Deconstructing the SPAC frenzy: What went right and wrong?

As free money, day traders and even sports bettors piled into special purpose acquisition companies during the pandemic, the structure intended to bring small companies public began to erode, creating carnage of some unready for Wall Street scrutiny.

“There are some great examples of winners being made. Unfortunately, there’s a number of examples of losers that haven’t gotten the job done,” Vince Cubbage, CEO of Tortoise Acquisition Corp., said in a keynote at FreightWaves’ Autonomous and Electric Vehicles Summit on Wednesday.

What’s next for SPACs after the bubble burst?

Cubbage’s company brought Hyliion Holdings and Volta Charging public through reverse mergers. Tortoise raised “blank check” funds from investors to seek targets for a merger, then investors set Hyliion and Volta on their way in the public markets. Cubbage and his team took a cut in stock. Tortoise is seeking a target for a third SPAC.

“SPACs have a reputation in part because of how frequently they were used recently to bring capital to high-growth companies,” he said. “But really, SPACs are nothing more than a group of investors that are led by a sponsor. And those investors and the sponsor are out looking for opportunities to invest in sector plays.”

Tortoise Acquisition focuses on companies working on decarbonizing transportation. Hyliion is working on a heavy-duty truck powertrain that could ultimately emit zero emission. Volta is in the charging space critical to powering electric trucks.

A brief history of SPACs

In his keynote, Cubbage covered the history of SPACs that led to the frenzy of 2020 and 2021. The first iteration, dating to the 1980s, had a key difference from what Cubbage called SPAC 2.0. Early SPAC investors saw their funds used to find a merger candidate. When they voted on whether a deal should happen, they remained financially committed to the company.

A rule charge occurred in the last decade. It required that all money invested in a SPAC’s public offering remain in trust until a merger. Or the money returned to investors, usually in about two years. The SPAC sponsor spent its own money to find a merger partner to bring to investors. Investors then would vote on the deal, but they did not have to keep their money committed.

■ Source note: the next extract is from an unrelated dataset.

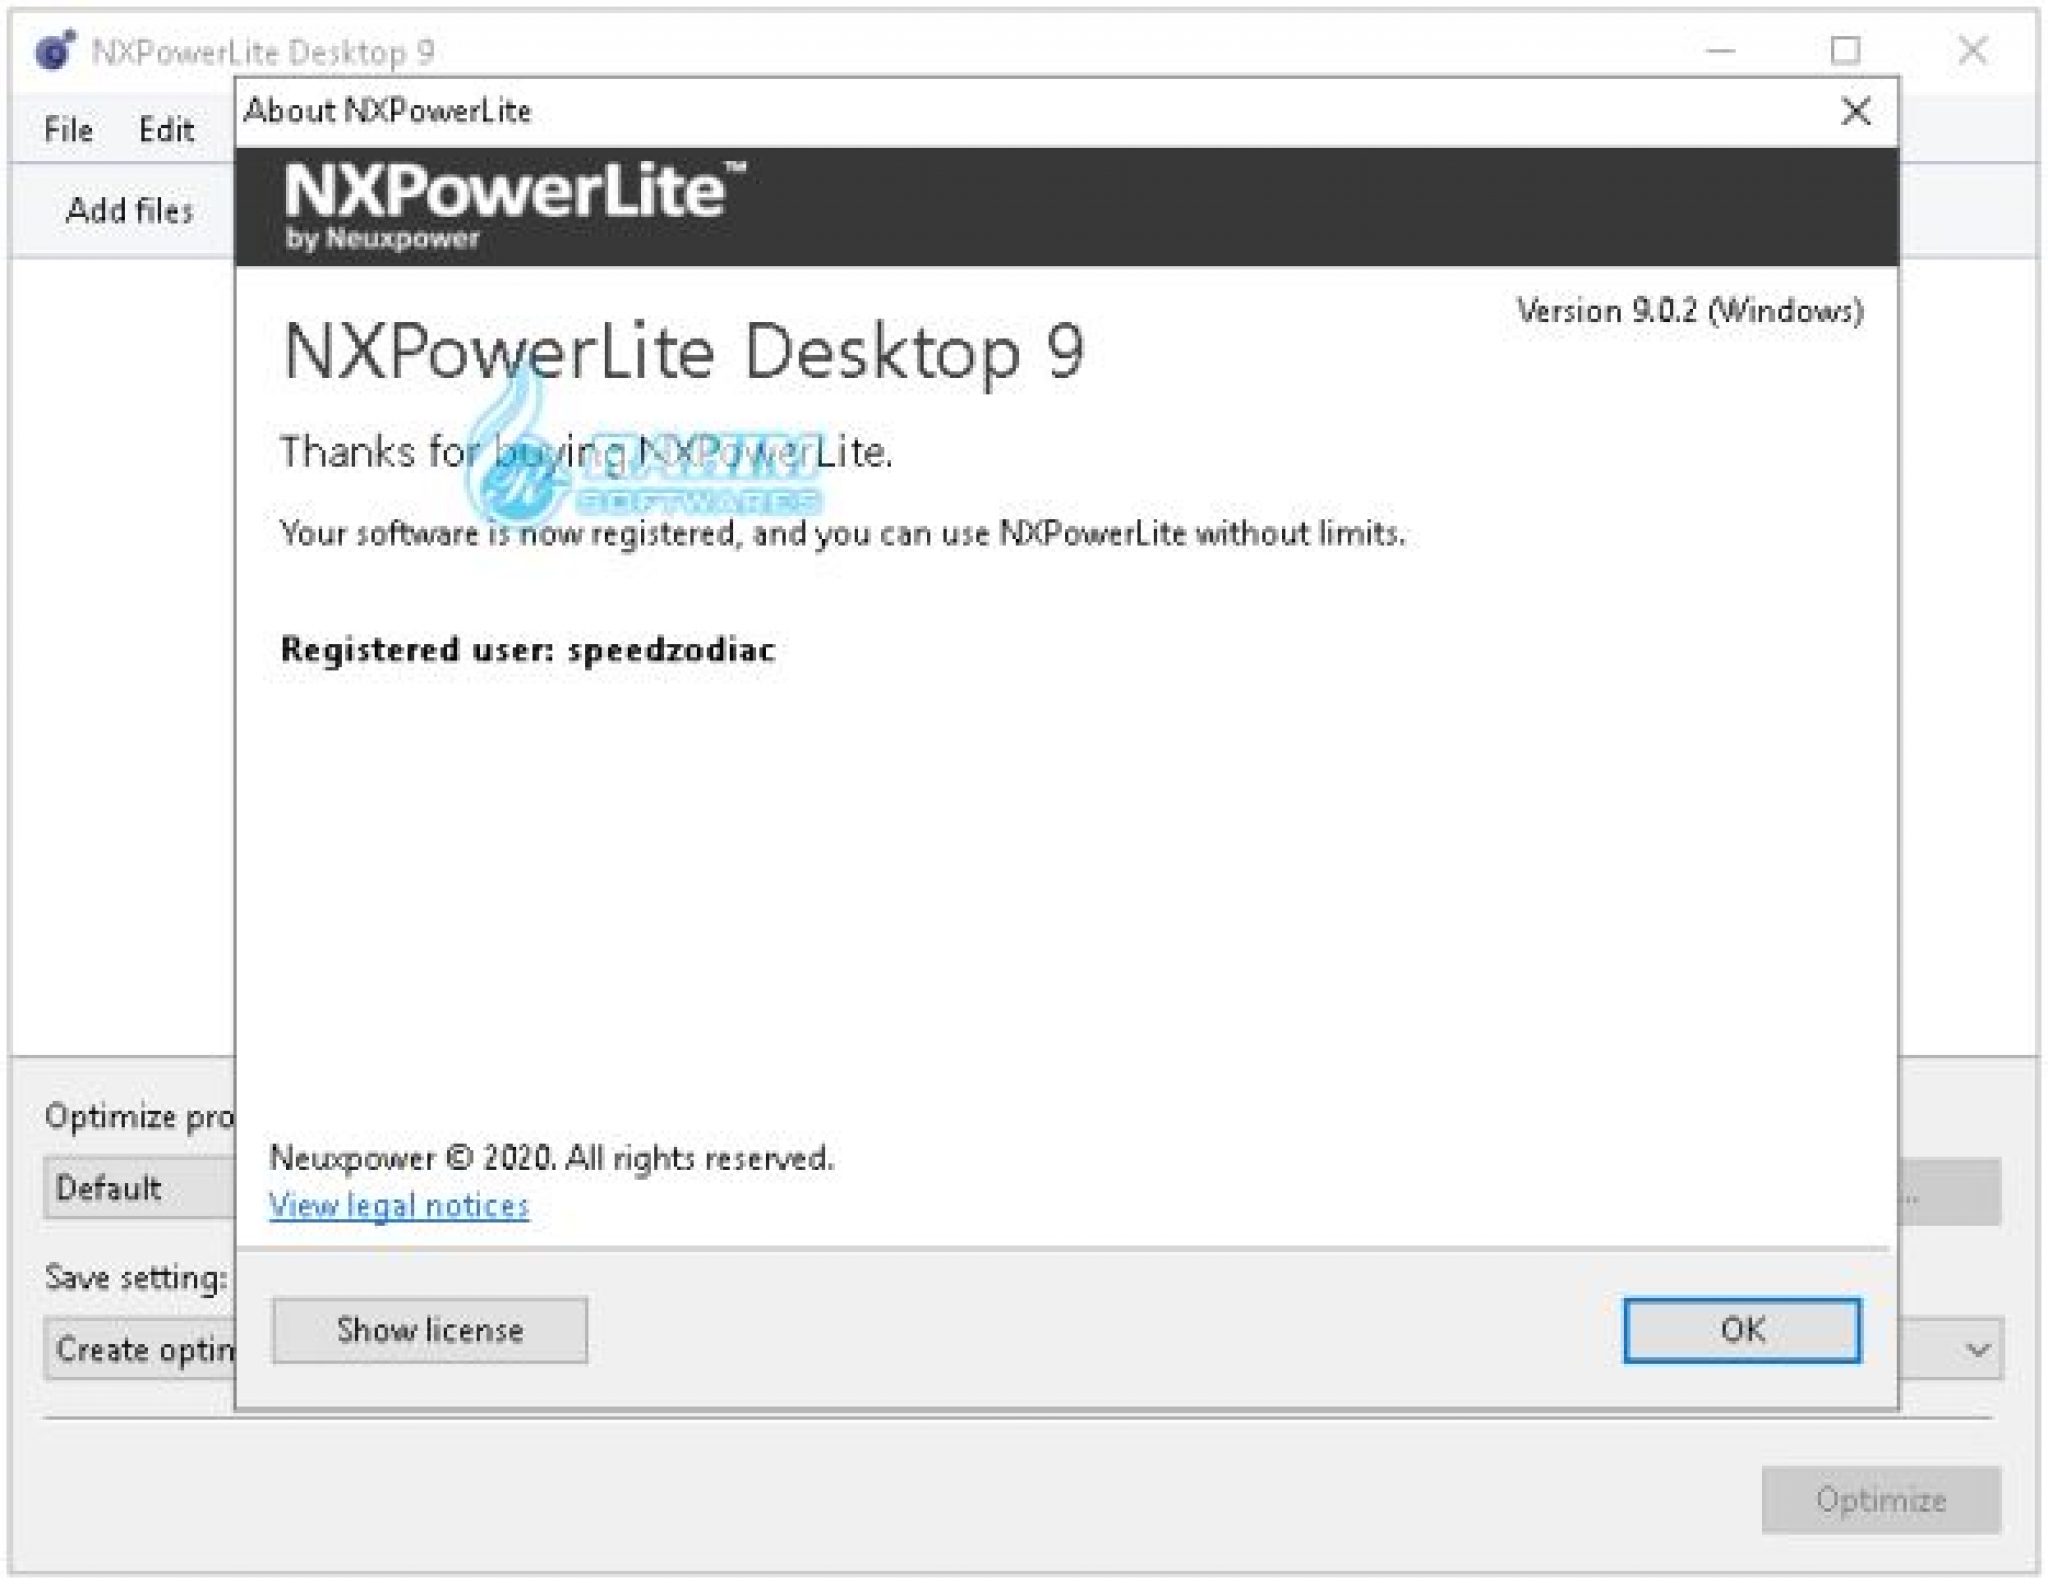 NXPowerLite Desktop 10.0.1 free downloads

“They’ll be offered a separate choice to stay invested or to exit their investment and get all of their money back through what’s known as the right of redemption,” Cubbage said. 

Early redemptions reduced the amount of money that many SPACs received toward the end of the bubble. Some of that money was replaced by private investment in public equity, a so-called PIPE.

“The private company that was thinking about taking itself public through a SPAC would end up public with all the obligations of being public and the cost of being public but without the capital in some cases that they were expecting to receive as part of the process.”

World gone crazy

But what led to 861 SPACs and $245 billion of investment in less than two years?

“I really attribute that to the pandemic and the travel restrictions and the inability of the regular way process to play out,” Cubbage said. “If you look at the 2020 and 2021 SPAC boom and you overlay that with the March 2020 lockdown that really didn’t get released until very late in 2021, the correlation is very high.”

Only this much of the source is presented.